• **Data block**:

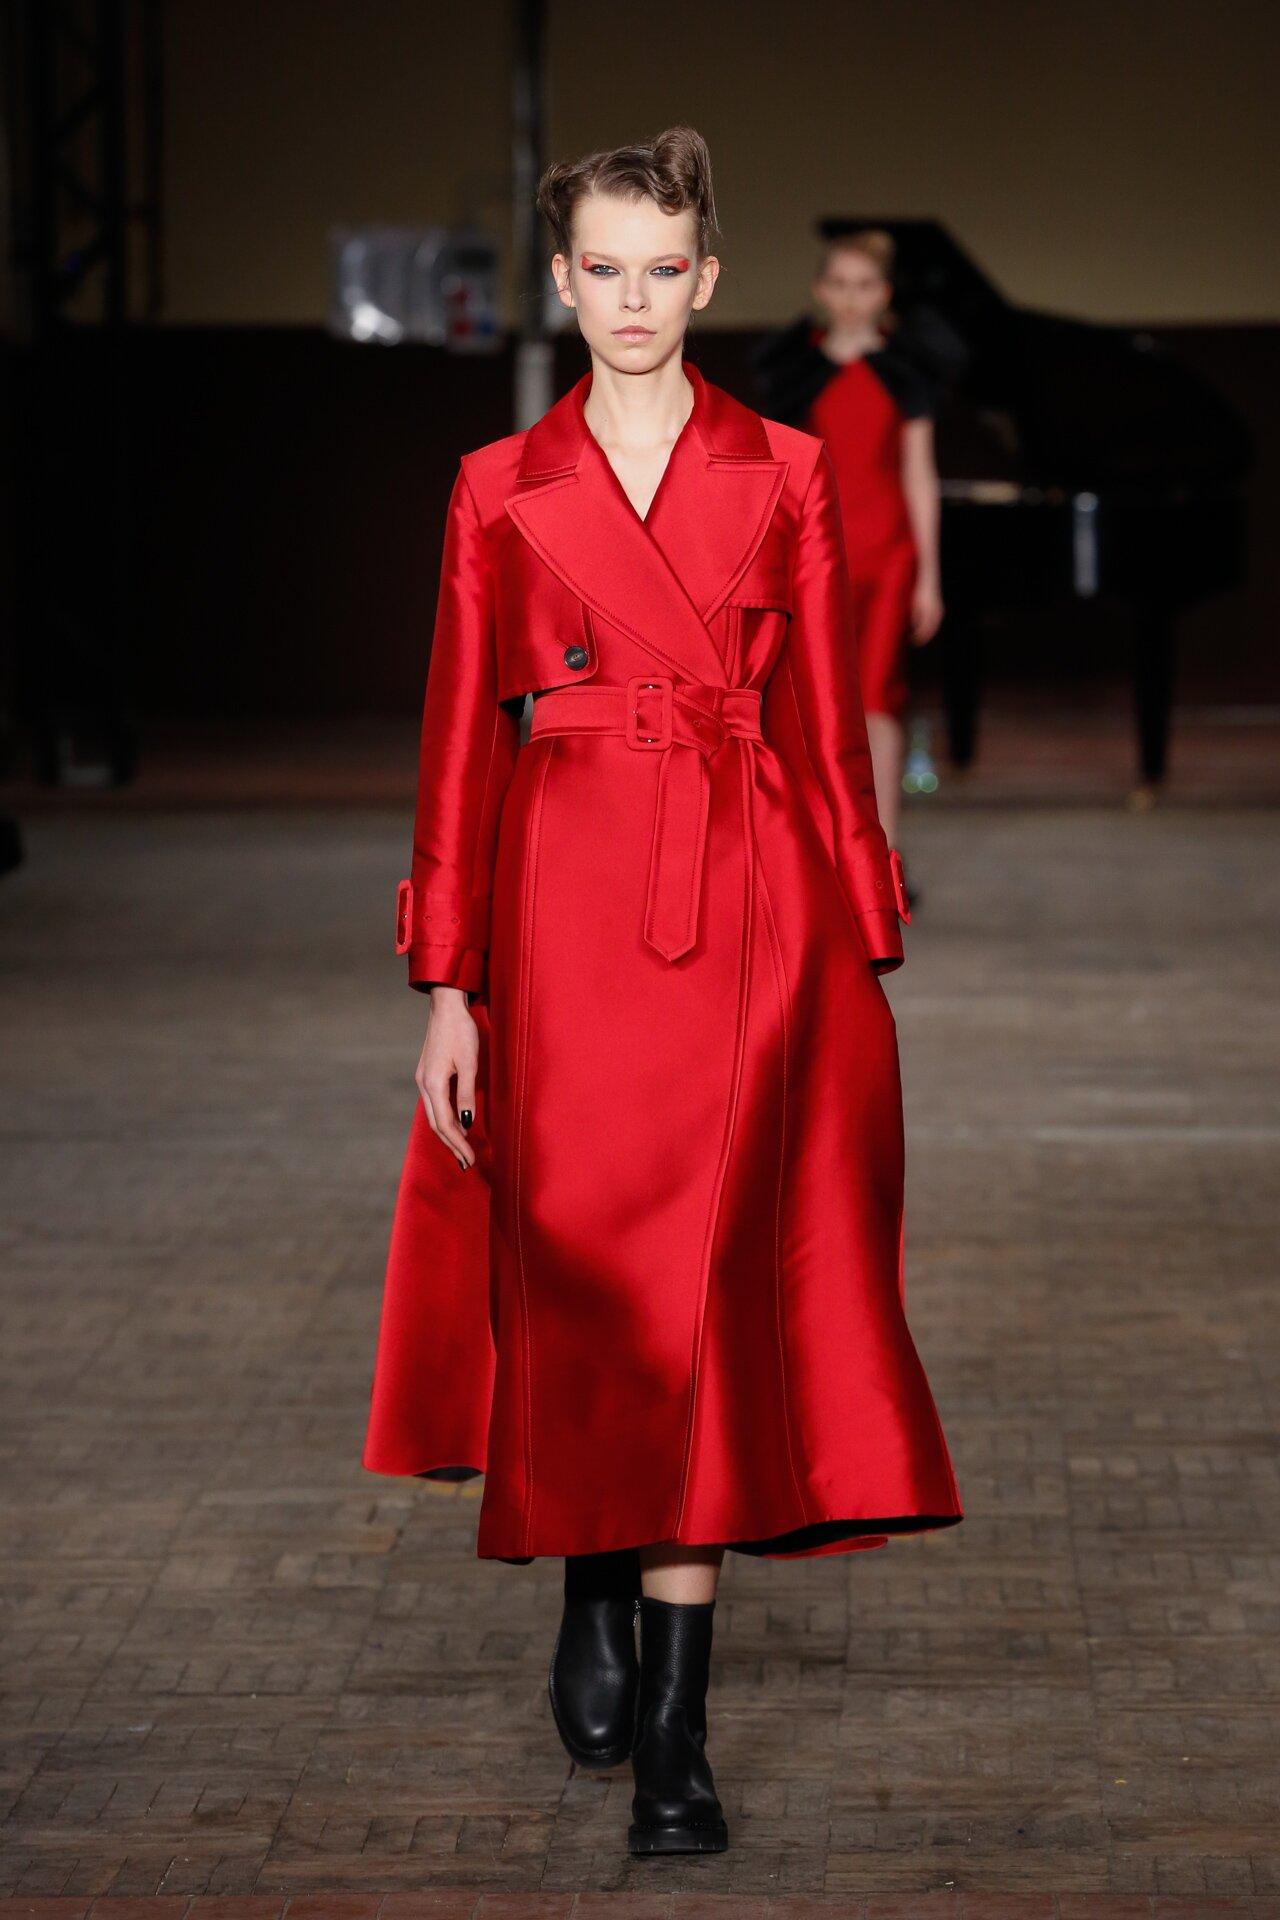 Antonio Marras Fall Winter 2018-19 Fashion Show Look 1
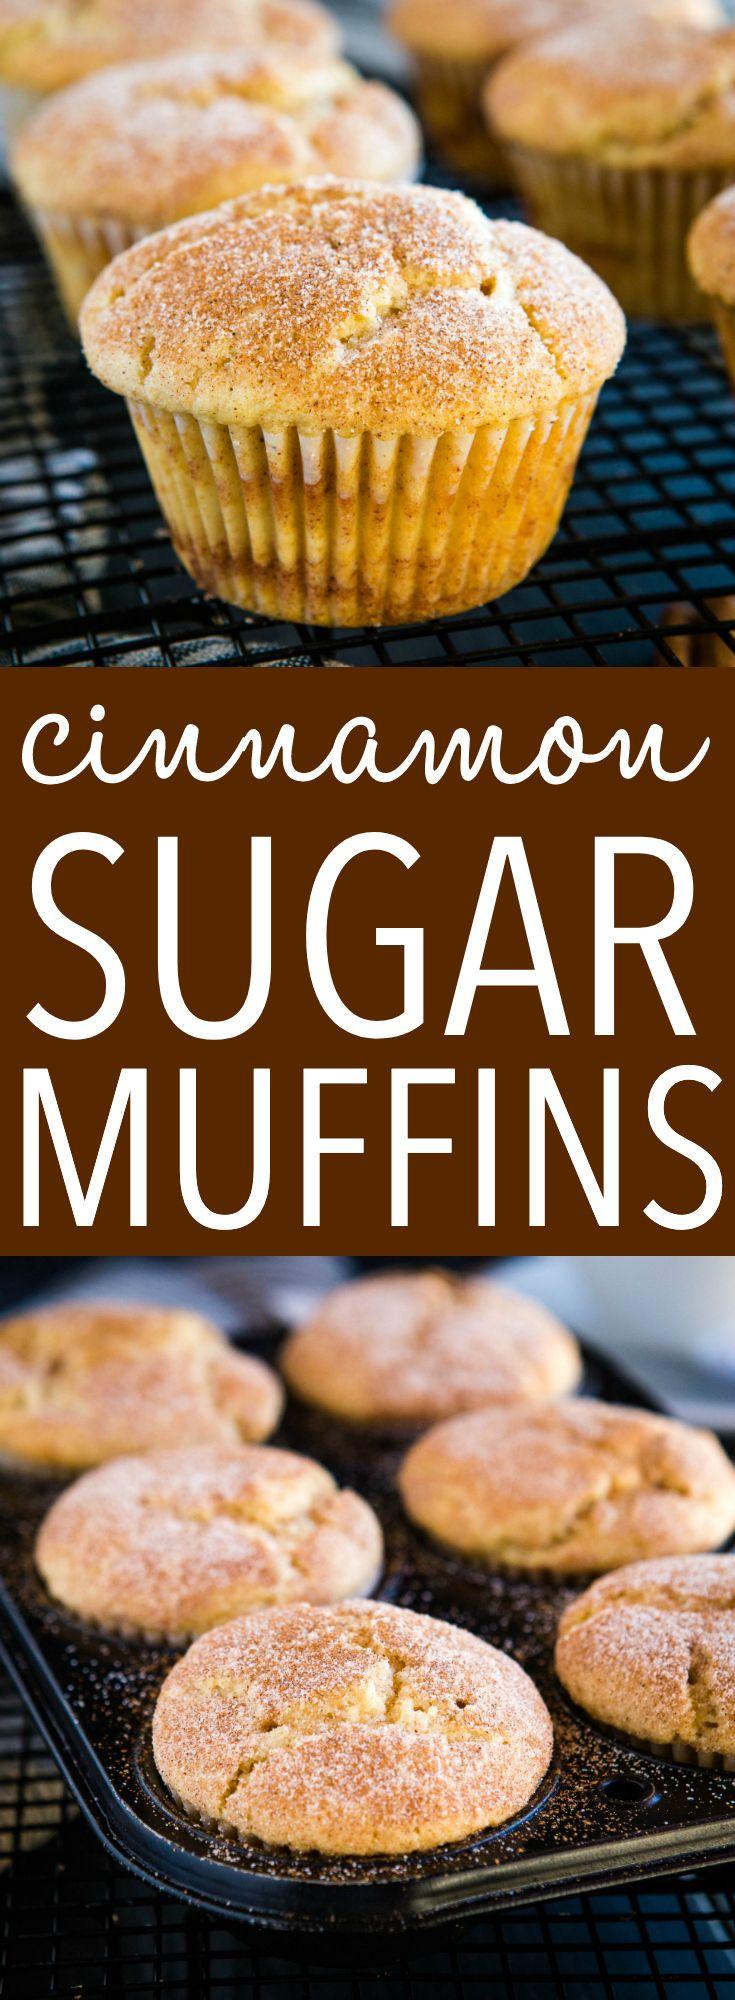 Photo of Cinnamon Sugar Muffins
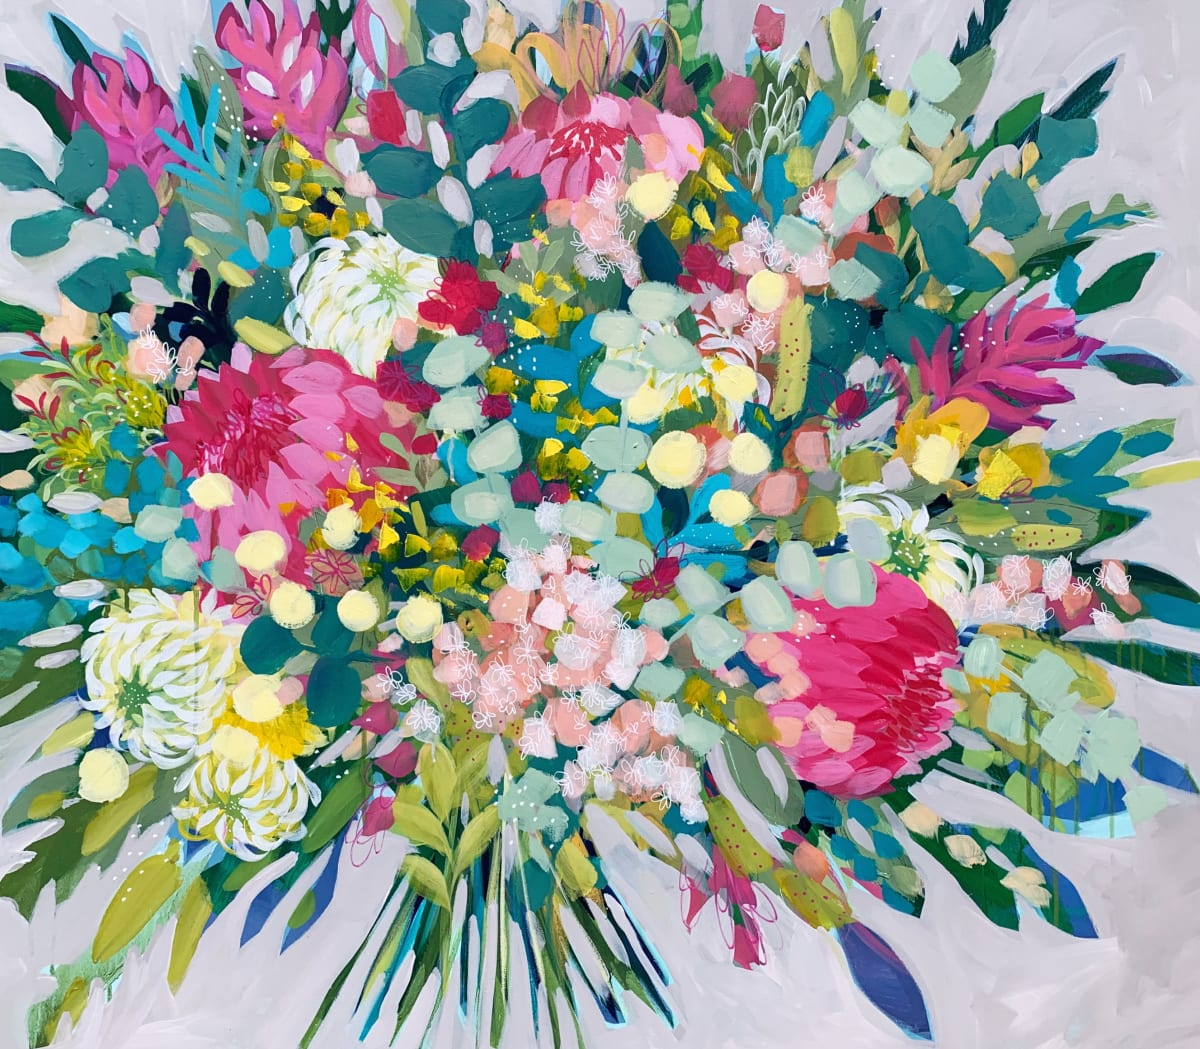 Flower Confetti by Clair Bremner

• **Exercise requirements**:
Nothing but the lines from the line with "Photo of Cinnamon Sugar Muffins" through the end of the listing should appear in the answer, each duplicated exactly, without pictures.

• **Your solution**:
 Photo of Cinnamon Sugar Muffins
 Flower Confetti by Clair Bremner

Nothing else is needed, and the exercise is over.